One thing I really disagree with you on is that everything is too emotional right now and we can't do cold and concise analysis. This is not an event in a vacuum. It happens all the time. Of course the King quote is great...he was a world-class orator. But the very fact that he said it over 50 years ago means that it's not just the emotion of now...it's something we have been dealing with for decades and centuries. There actually is a lot of study out there, a lot of fine points to be discussed. We're scratching the surface here, but we can get down to the more granular. I'm ready. There are plenty of people that are diving deep into the question and problem of race in this country, and the conversations have been very interesting, especially of late. They are subtle, well-considered, and there is a lot in there for everyone.
My point is that the analysis I am seeing in the two videos uploaded and discussed here,
are too emotional. I am not dismissing them, I think they are honest reactions, that need to be heard.But, as an analysis, because of the emotional part, they are limited and/or wrong. I do not doubt that there people out there making good, well thought analysis of this problem since the 60's, 70's, 80s... But when I do see you writing the word "subtle", I cannot help but remember that it is very easy to confuse subtlety for "unverified underlying assumption".
There is one giant elephant in the room that is simply being ignored (in this thread I mean). In all the talk above, when people say that the "social contract is not being observed" (which is by the way a very clever and concise way to put things), people
are not referring to one single death, as tragic as it may be. If the social contract is failing, those things are happening in a
mass scale. If they are happening in a mass scale, you then need to look at the data. In that regard, ANY conclusion reached without looking at the data is COMPLETELY void.
Now comes the important part. If people are so sure that the data will show what they think it will, fine, roll up your sleeves and show your point. Nobody (or almost nobody) would be able to argue then. Or the effort isn't worth the price? Of course it is.

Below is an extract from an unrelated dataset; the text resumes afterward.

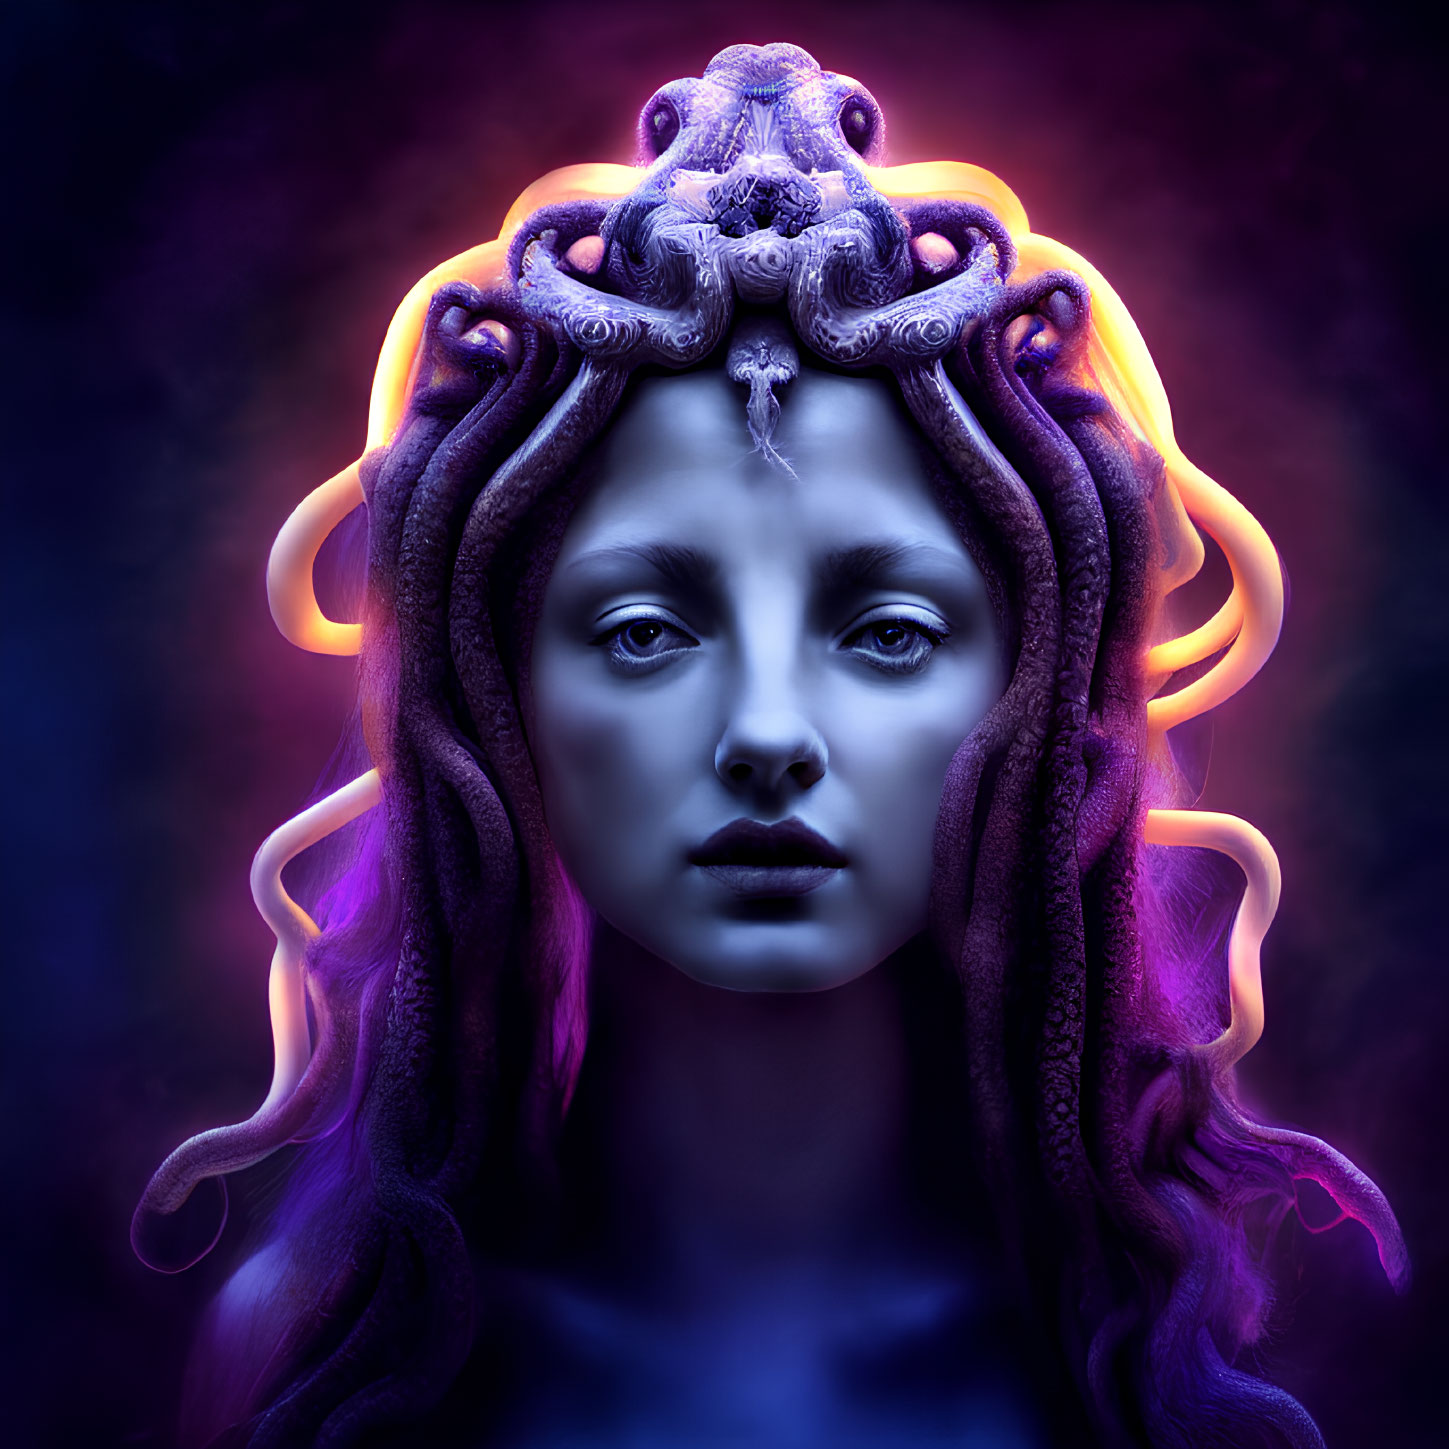 Surreal portrait: woman with purple curls, blue skin, snake on head, violet and blue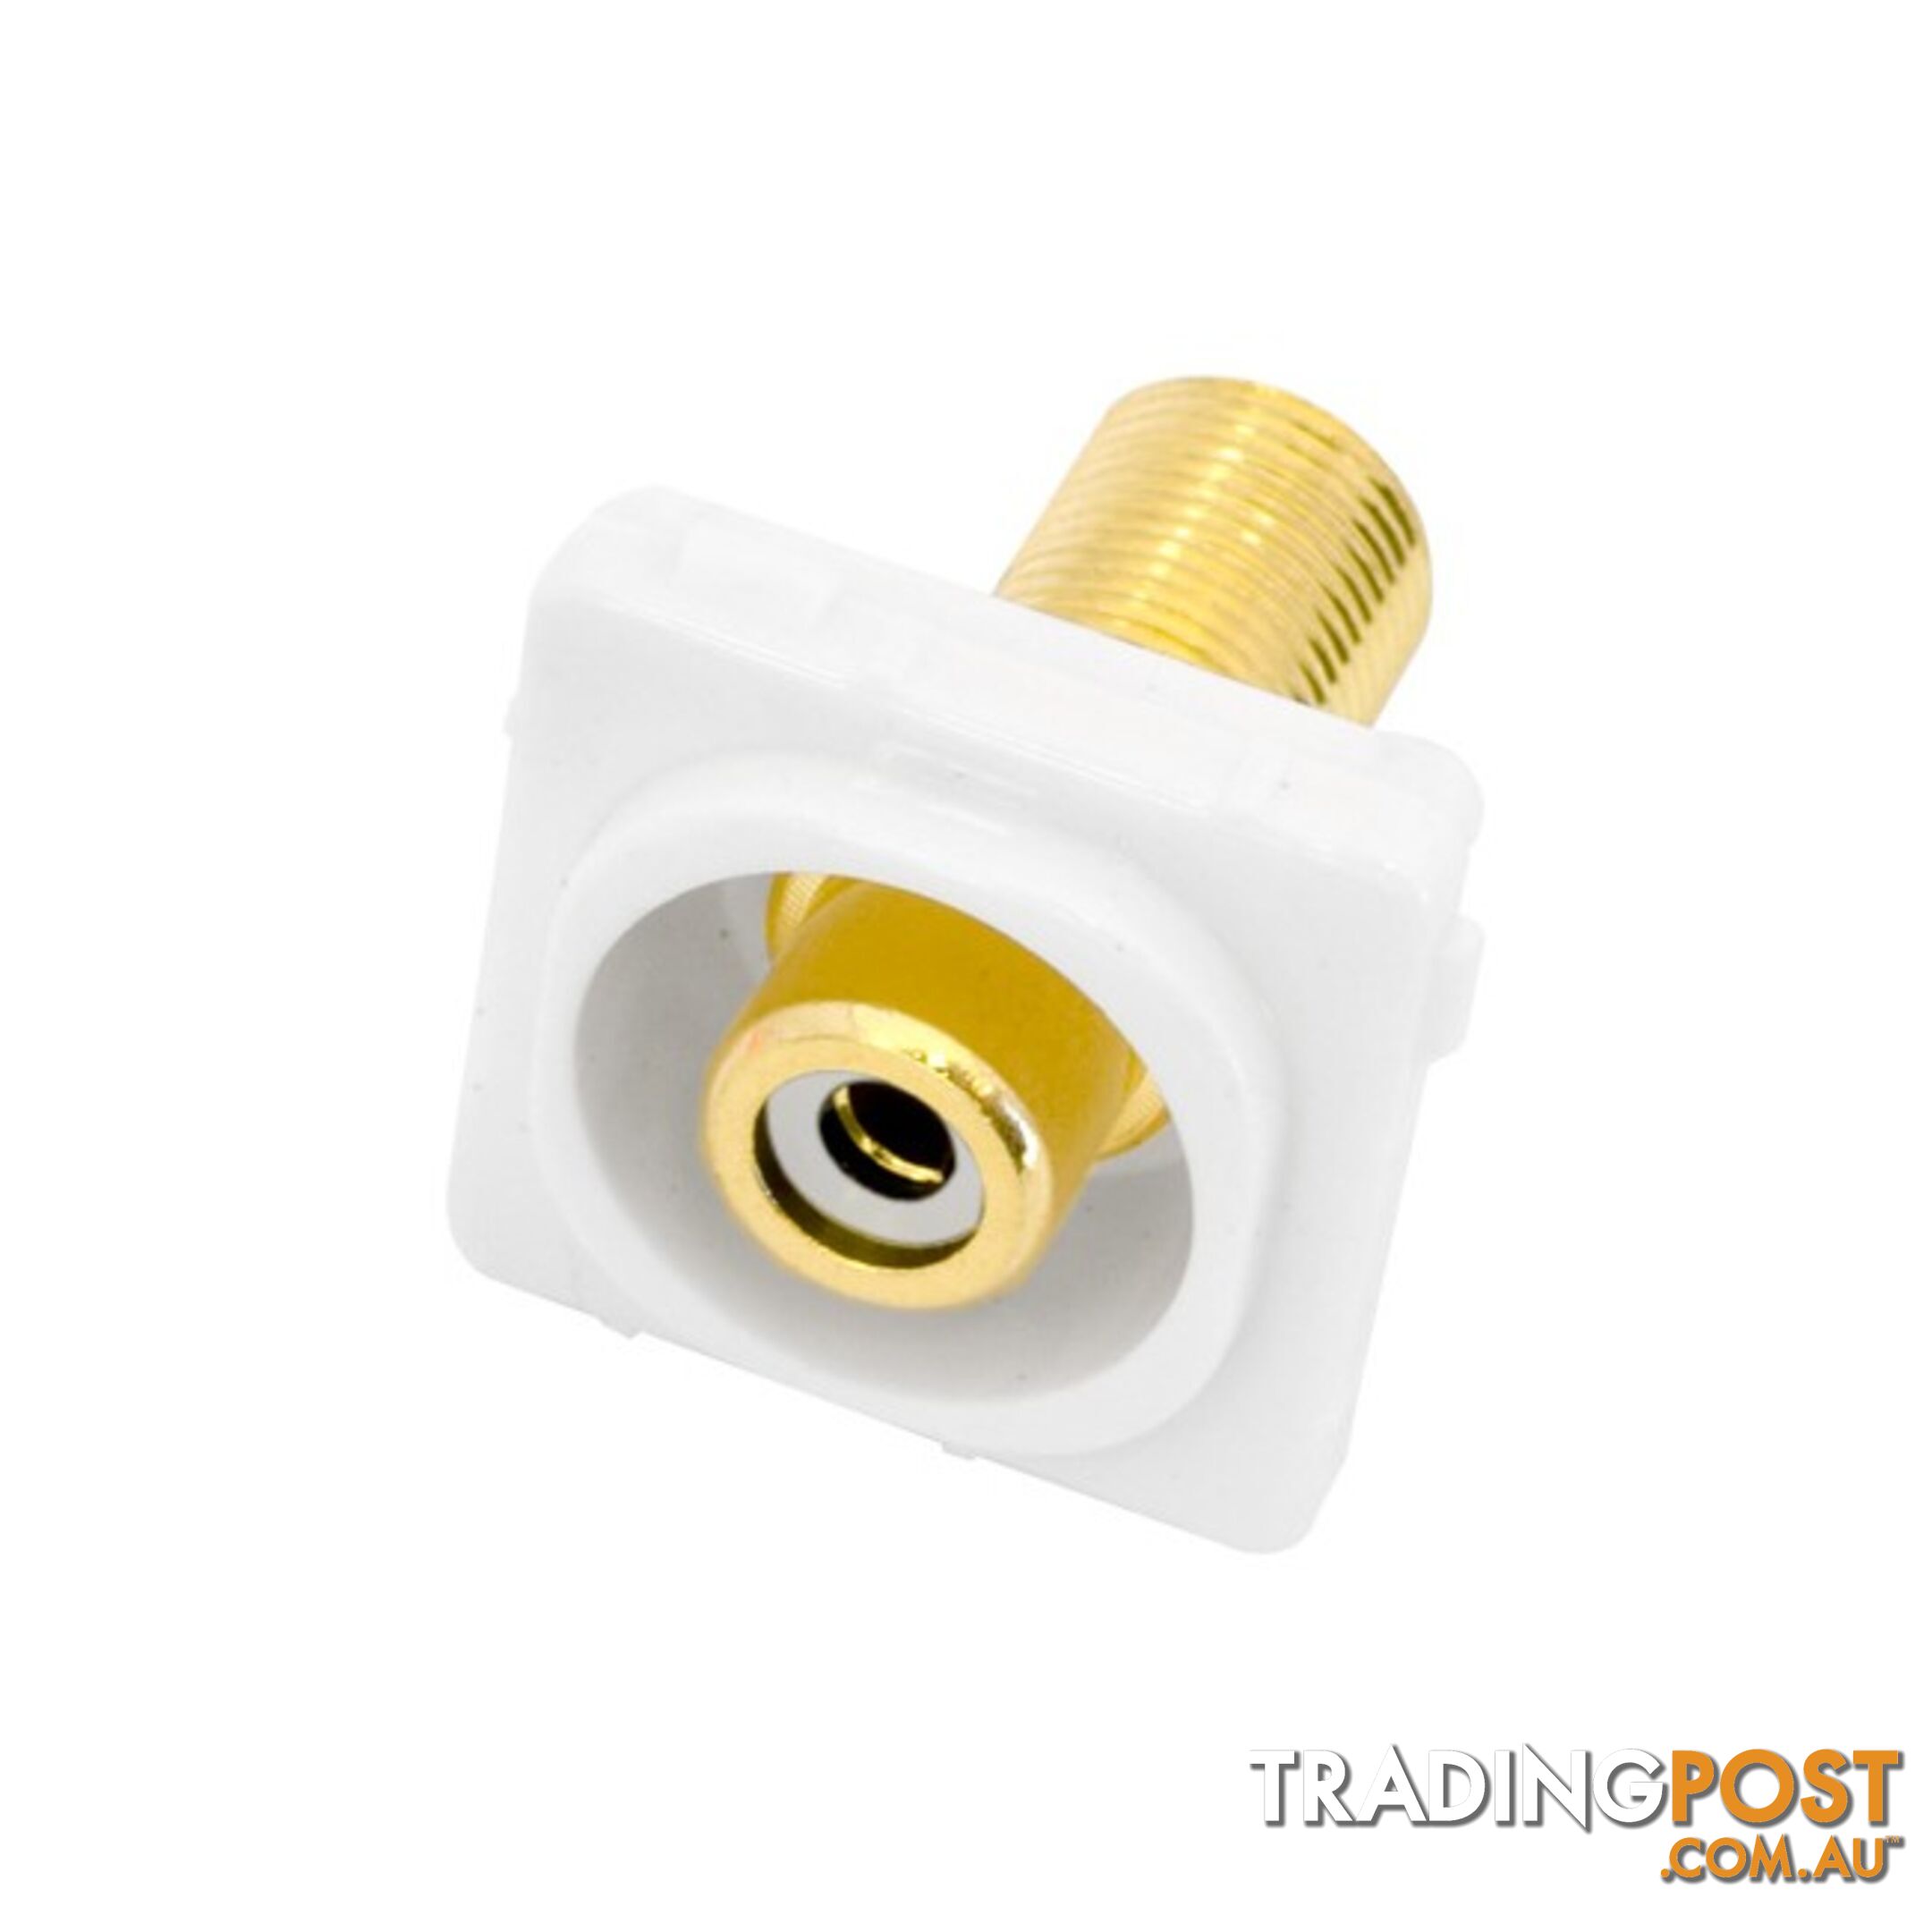 PK4652 WHITE RCA SOCKET TO 'F' SOCKET INSERT TO SUIT CLIPSAL GOLD

Someone could say, "but oh, data is corrupt'" (in the US I frankly doubt it, it could be, up to a point, here in Brazil). Well, anyway, if you put your hands in the data you would be able to prove, or at the very least show huge inconsistencies, in the data, and that would prove that something "sistemic" is wrong. (by the way, I really think systemic racism or institutional racism are very idiotic concepts. If racism is not coded in words, it is then present on people, period. Get it out of the people, you get it out of the system. If people are not racist, and you show them race injustice, they will act. If they are racist, they will not. It is as simple as that.)
Or, in other words: We can understand the riots as the voice of the unheard, but we cannot rationalize it and use it as a political tool. The ones that
can be heard can do better than that, are obliged to do better than that. We cannot forget that part.